Originally, I looked for a 68k-compatible core which I could synthesize in an FPGA. Some cores exist which would give a nice boost to an SE, but were incompatible with ‘030 instructions, or I didn’t feel they would be fast enough. I had the feeling that a high-performance 68030-compatible soft core did exist, but could not realistically be licensed for this application. This approach would also be the cheapest way to implement the system, but I don’t know if it could be 50x faster than a Mac SE.
I am no CPU designer, nor do I intend to be; designing the core myself is not my interest. After a lot of thinking about it, I also concluded that the best 68k-compatible core built in an FPGA would be slower than the best 68k emulator running on a modern, cheap-ish microprocessor.

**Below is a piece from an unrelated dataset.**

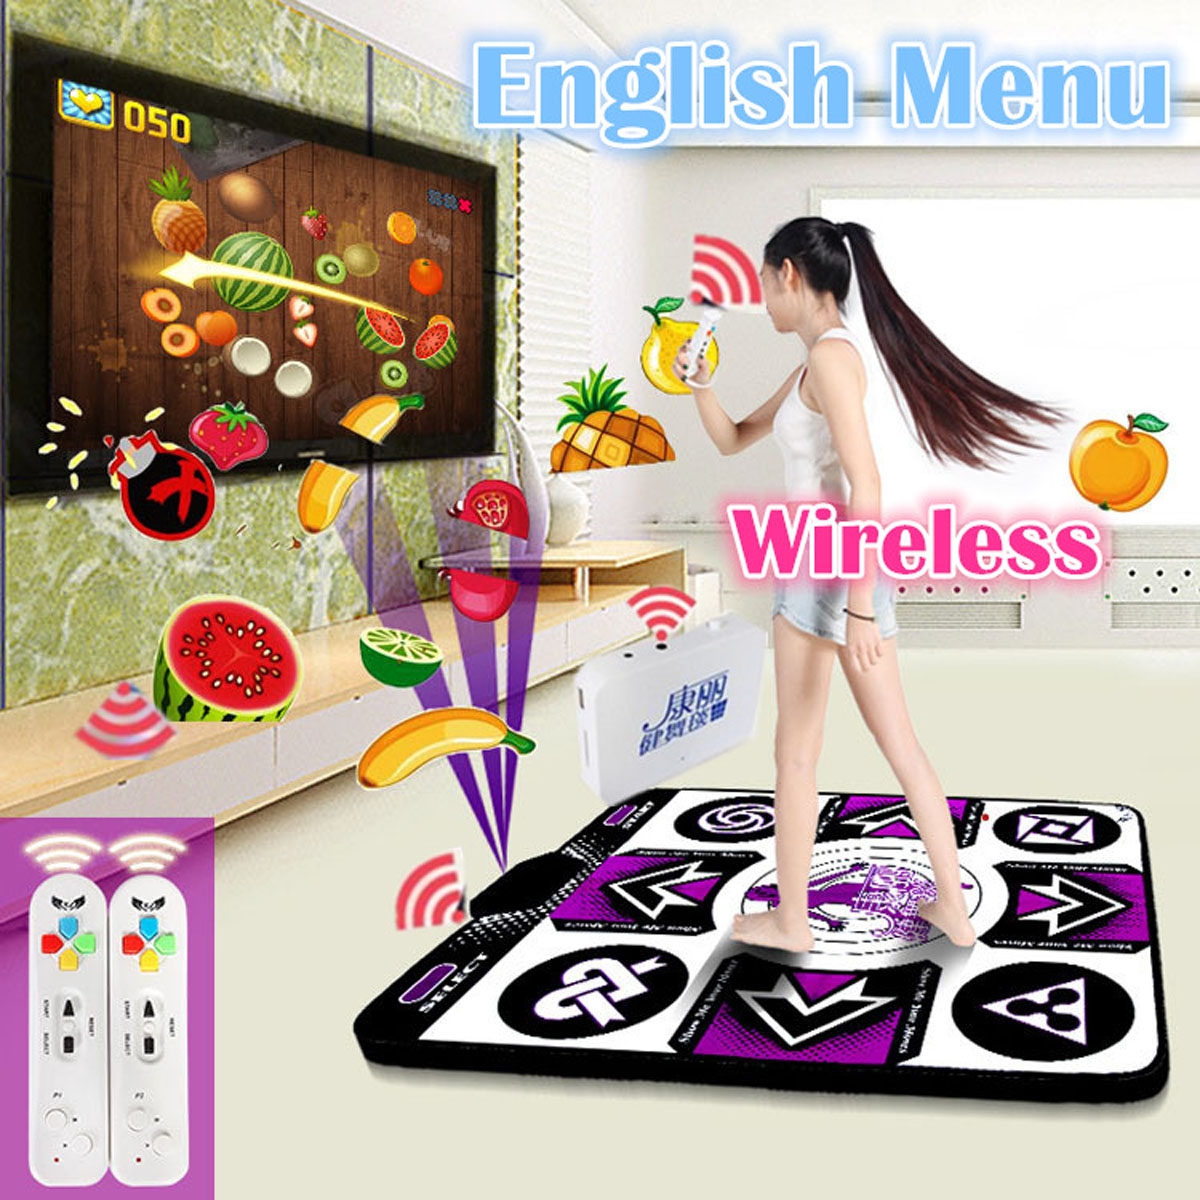 Original KL English Menu 11 Mm Thickness Single Dance Pad Non-Slip Pad Yoga Mat + 2 Remote Controller Sense Game For PC & TV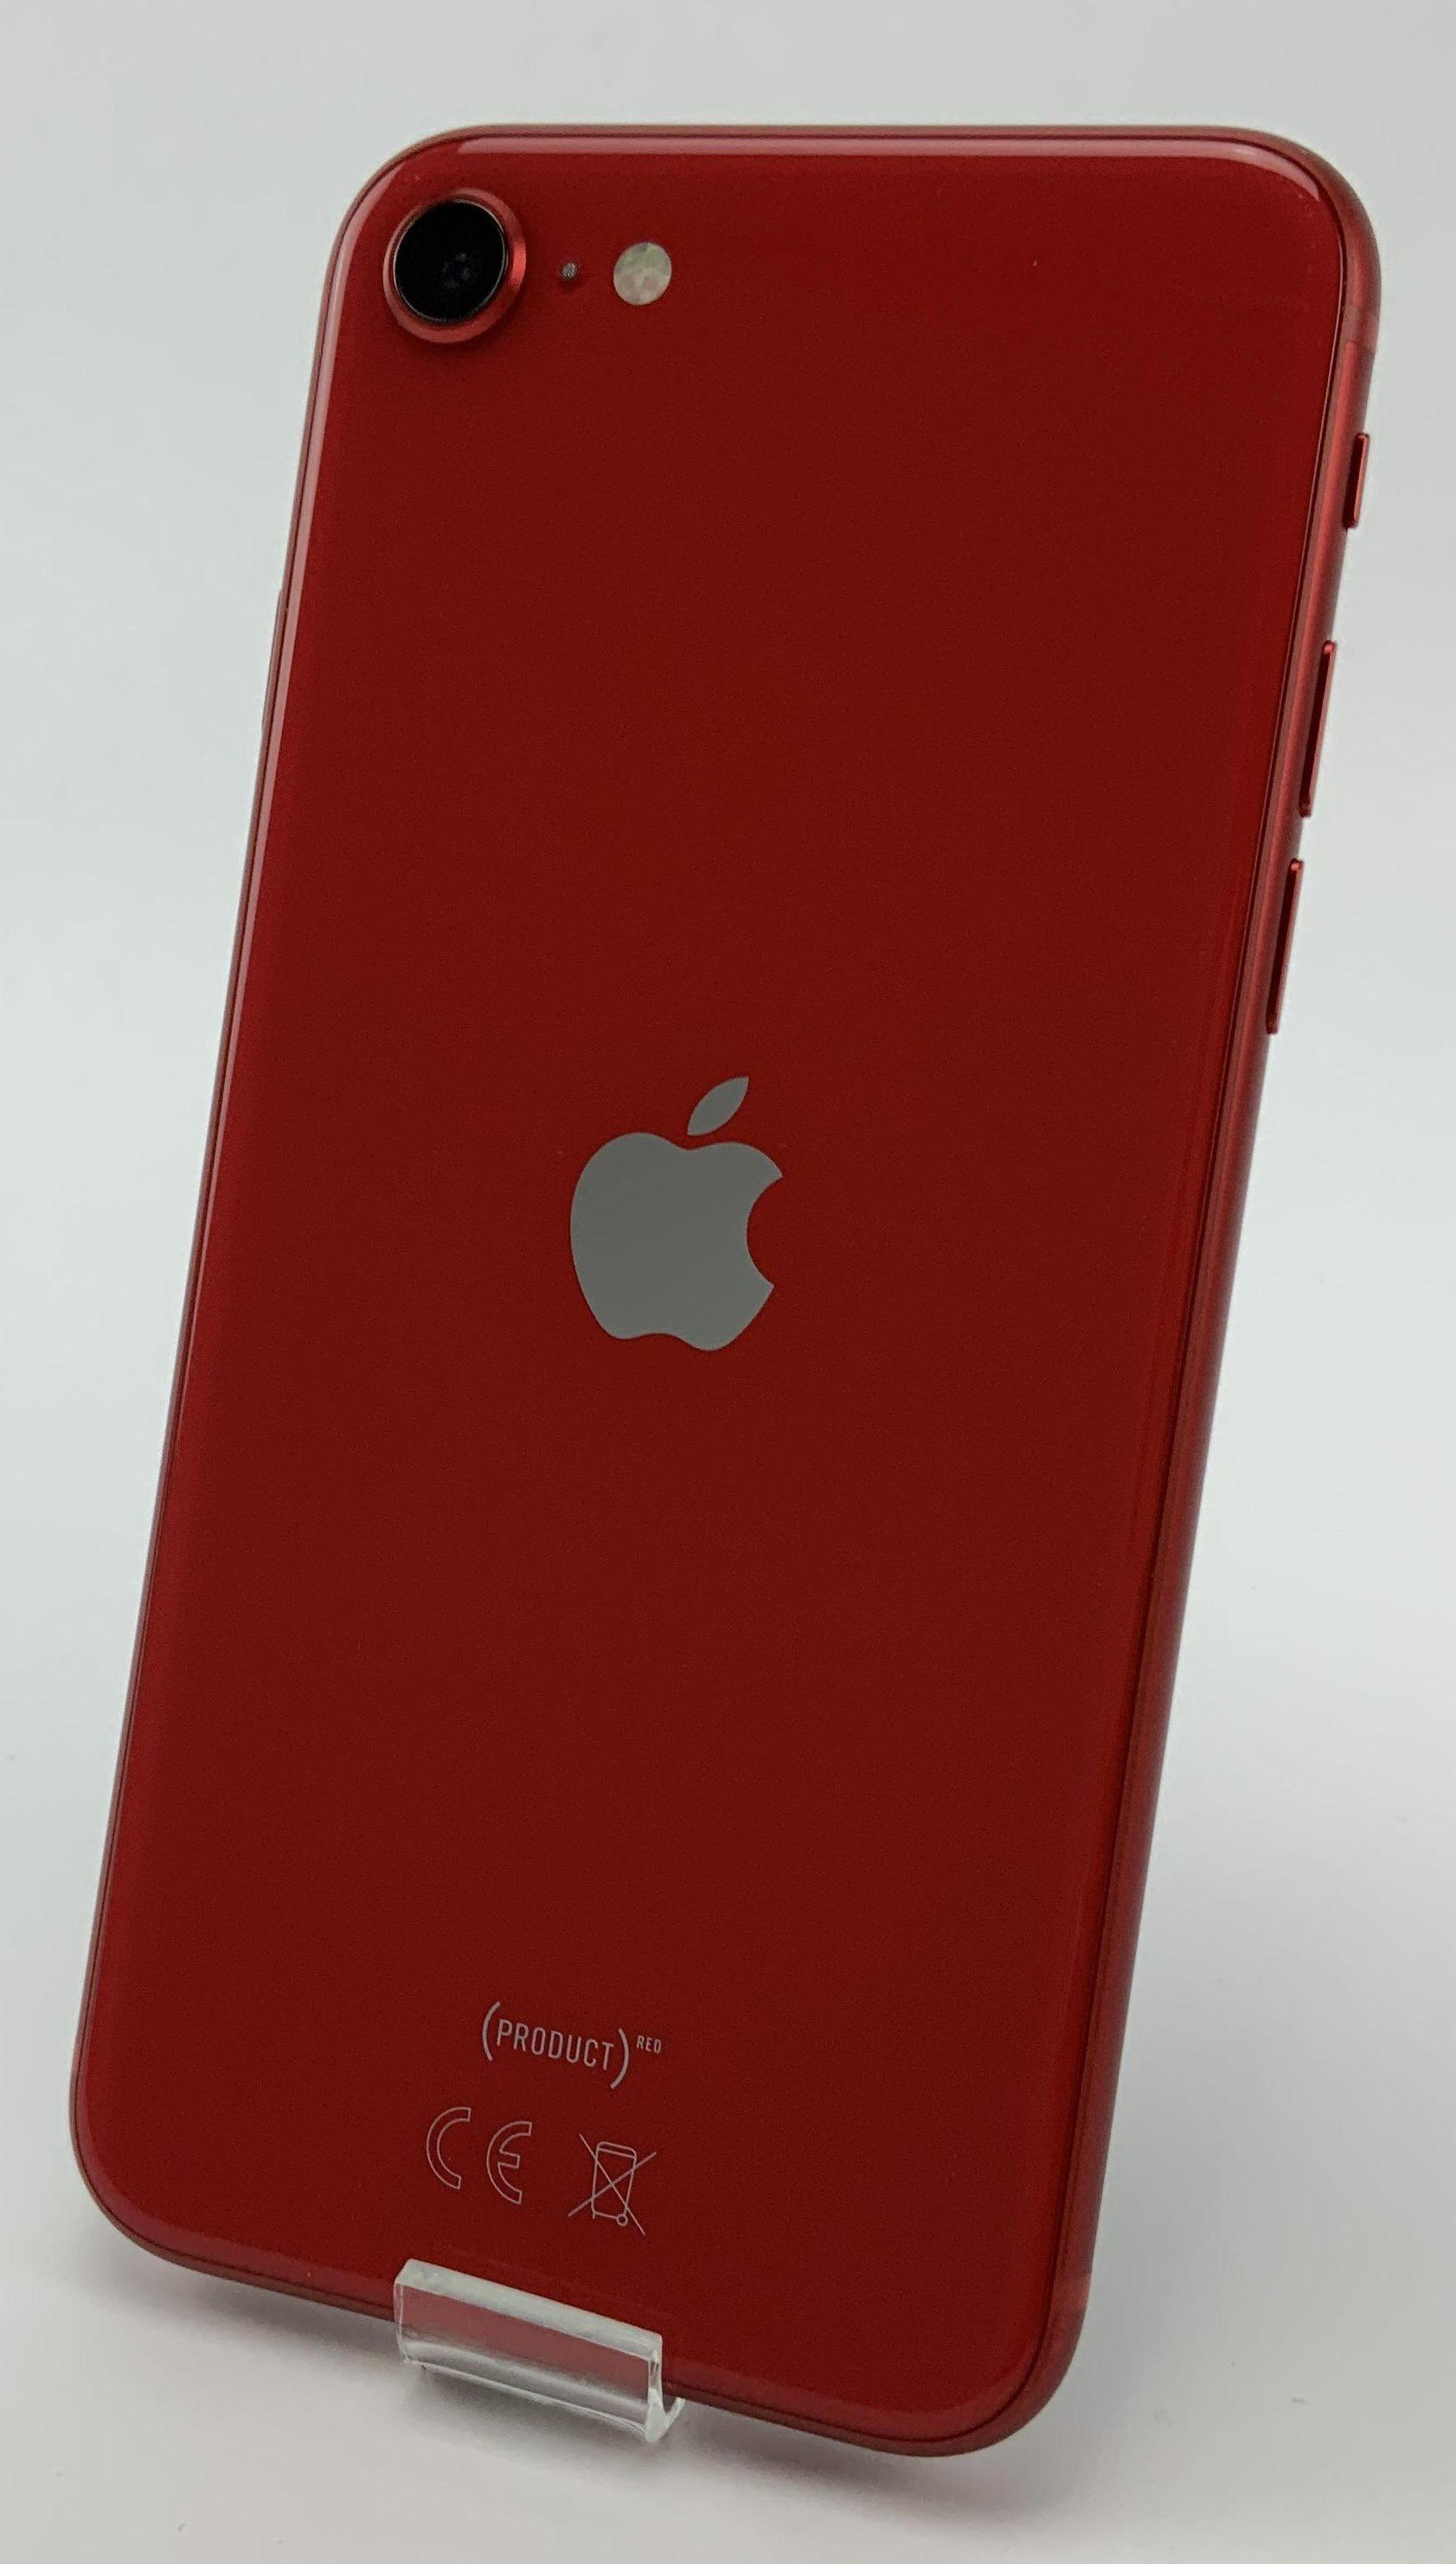 iPhone SE (2nd Gen) 64GB, 64GB, Red, Kuva 2

So I decided to pursue a solution where the 68k instructions are executed by emulator software running on an ARM microprocessor. Initially, I thought that the 68k instructions could be converted to ARM instructions in hardware, but this approach is, long story short, impossible given the details of the hardware available today and some details of the MC68k ISA, particularly the variable instruction size.
Instead, the 68k instructions would be translated to ARM in software. “Just-in-time compilation” is the term for this. I will explain more later. I already have a fairly detailed design for this part. Actually, the task of designing and implementing the emulator/translator is easier than the task of making the accelerator halfway affordable.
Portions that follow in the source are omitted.